(Stored data)
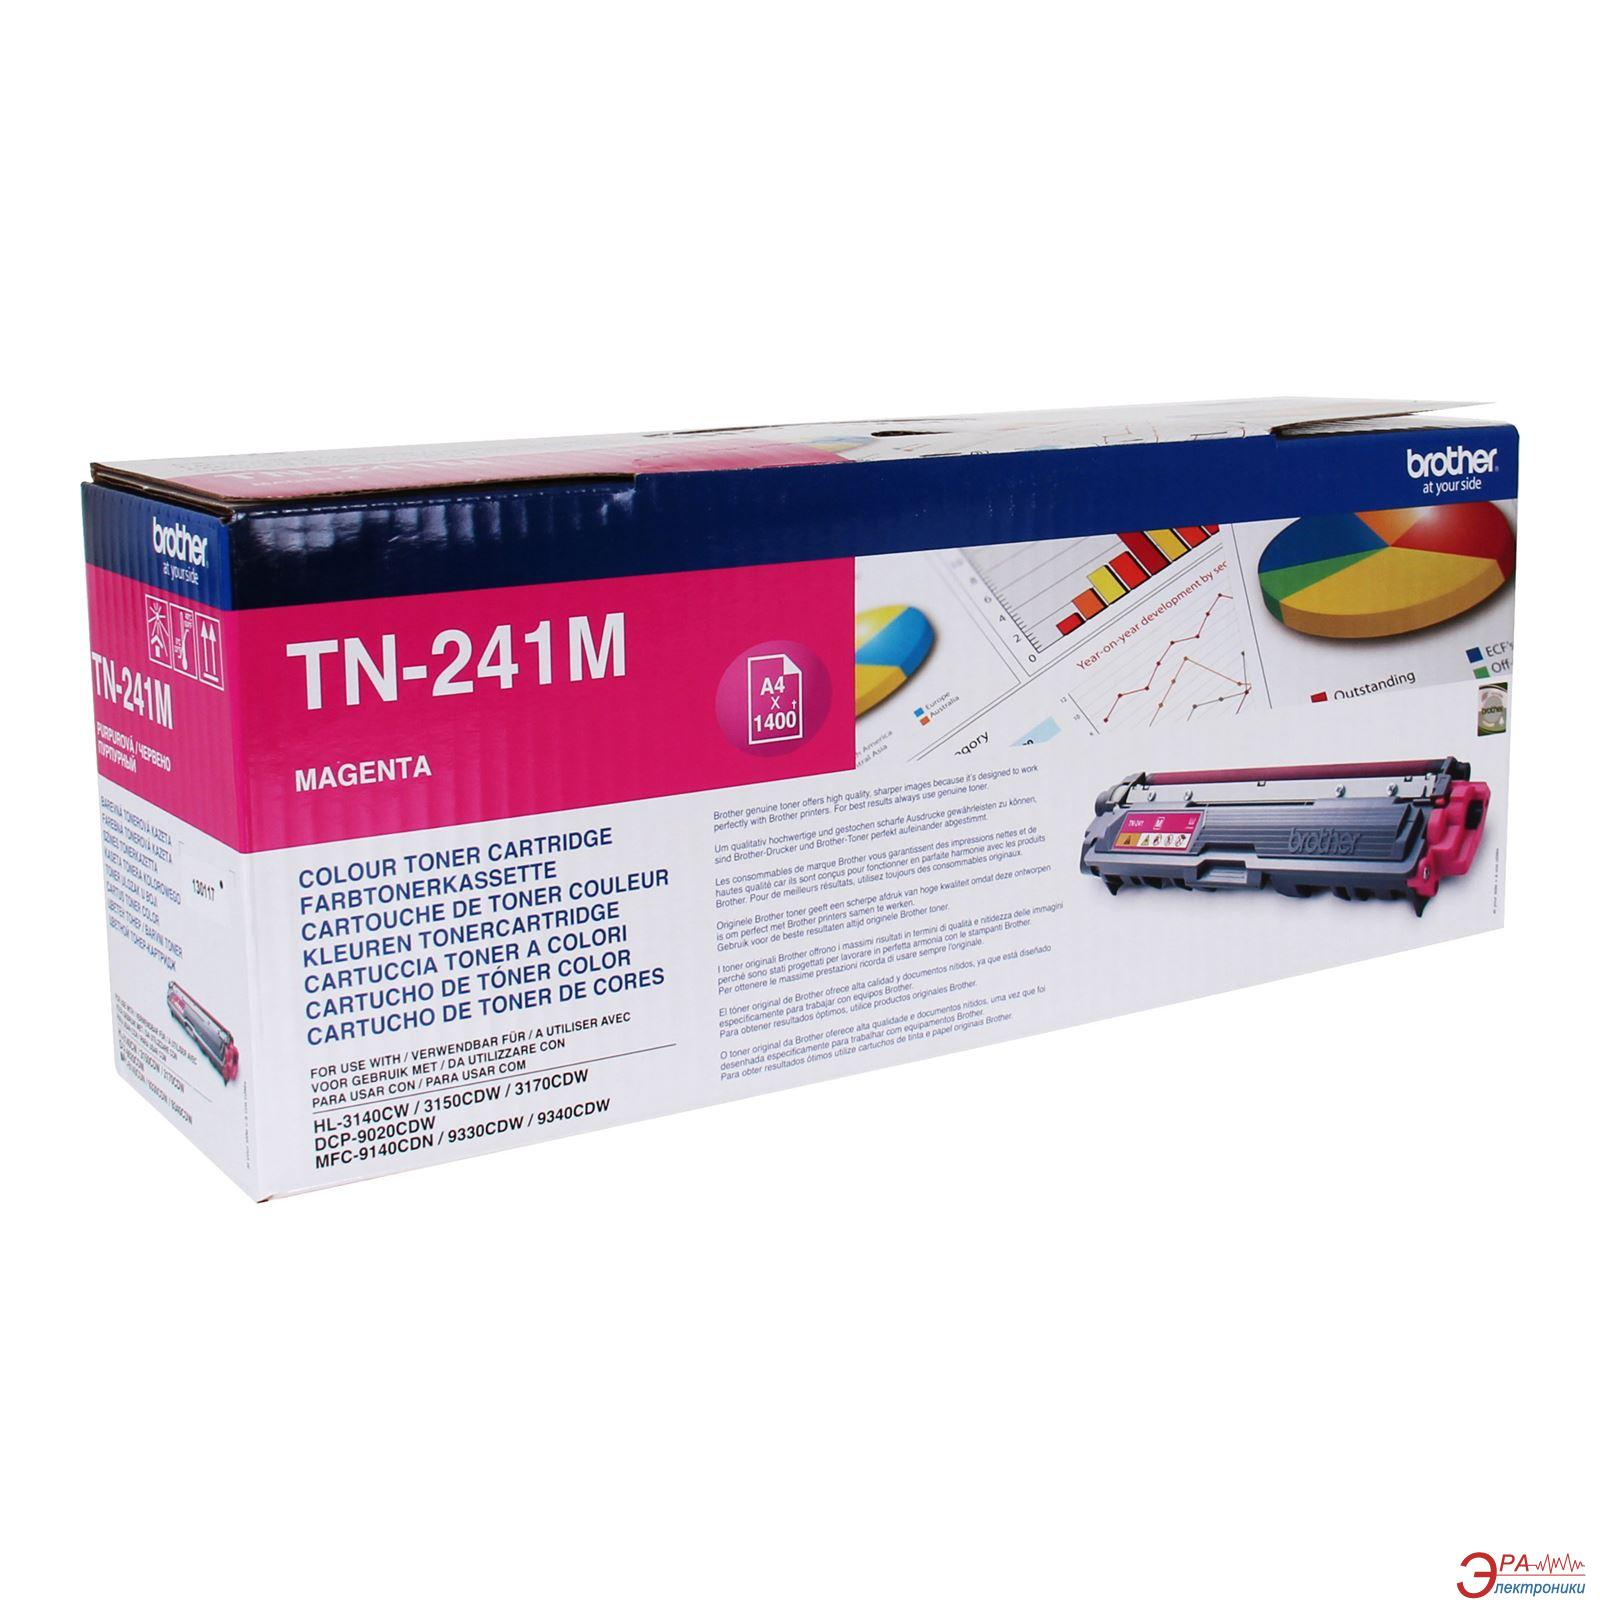 Картридж Brother TN241M (TN241M) (DCP-9020CDW, HL-3140CW) Magenta
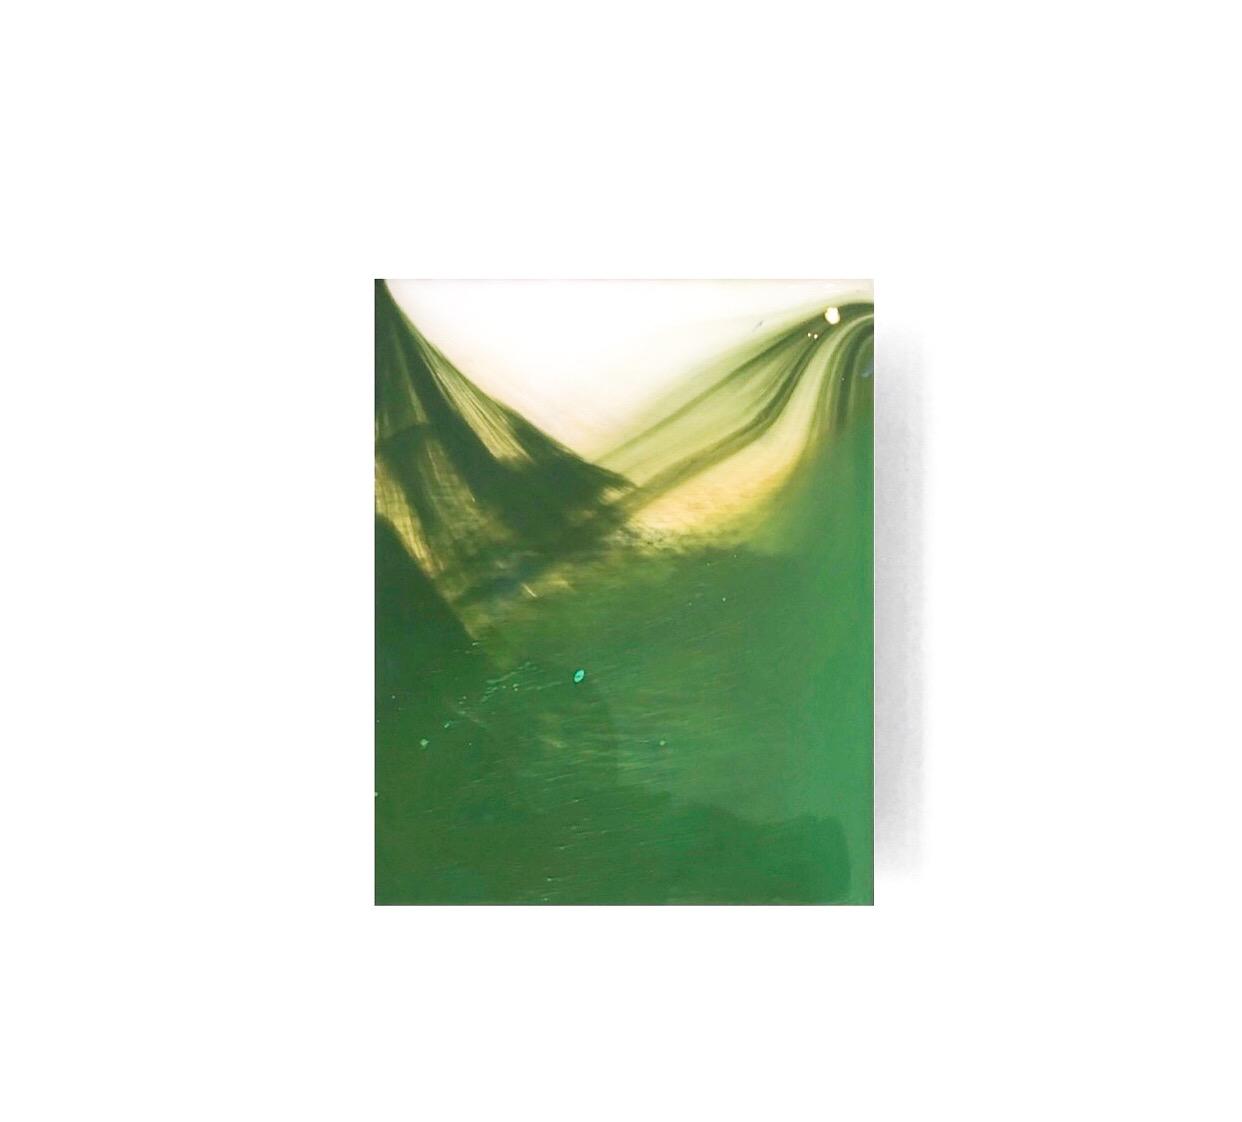 epoxy resin tablet 3.JPG
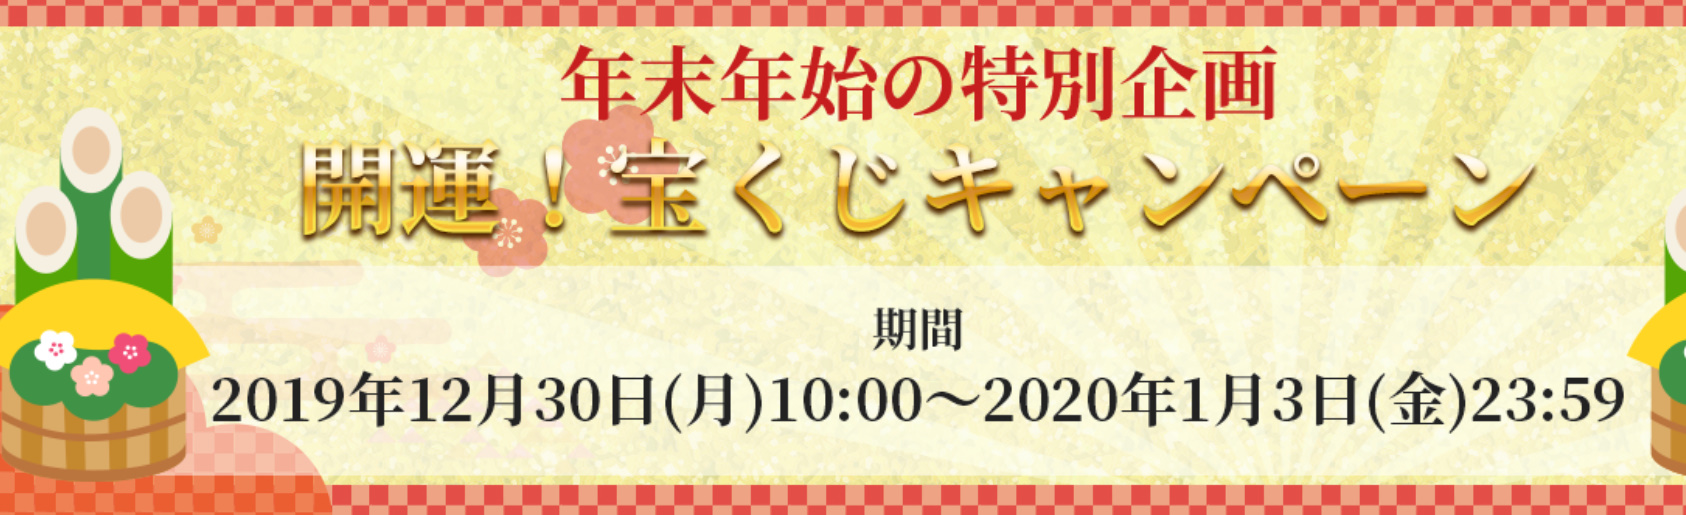 is6com2020年お年玉キャンペーン
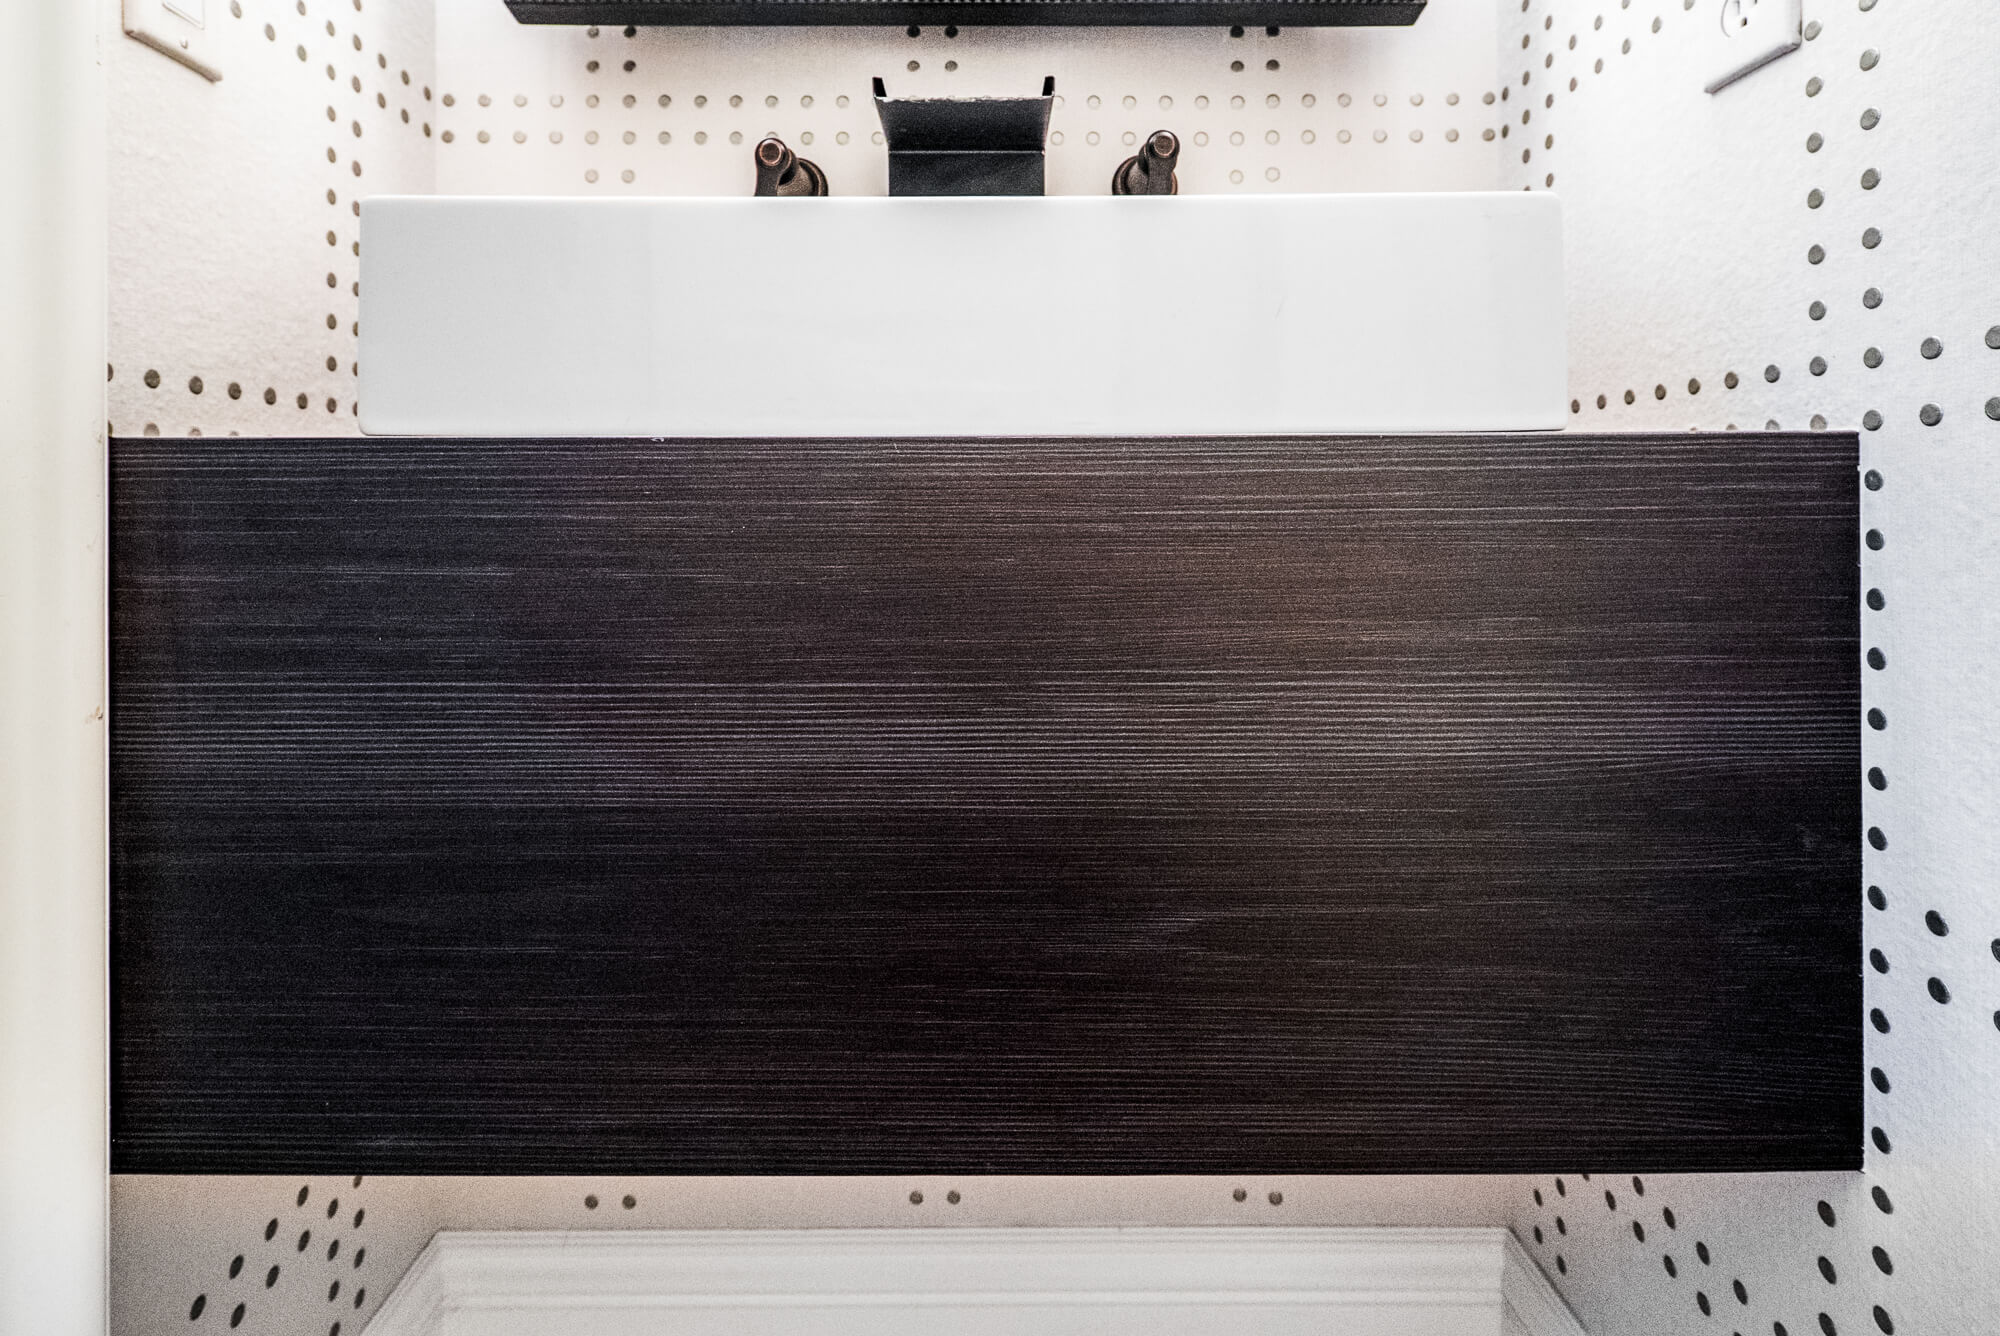 Floating Vanity in Powder Bathroom, Stylish Floating Vanity in Powder Bathroom, Powder Bathroom Remodel in Orange County
(End Stored data)
#### [Requirement]
Each line above is to be copied exactly, and the pictures are to be dropped.

#### [Answer area]
 Картридж Brother TN241M (TN241M) (DCP-9020CDW, HL-3140CW) Magenta
 epoxy resin tablet 3.JPG
 is6com2020年お年玉キャンペーン
 Floating Vanity in Powder Bathroom, Stylish Floating Vanity in Powder Bathroom, Powder Bathroom Remodel in Orange County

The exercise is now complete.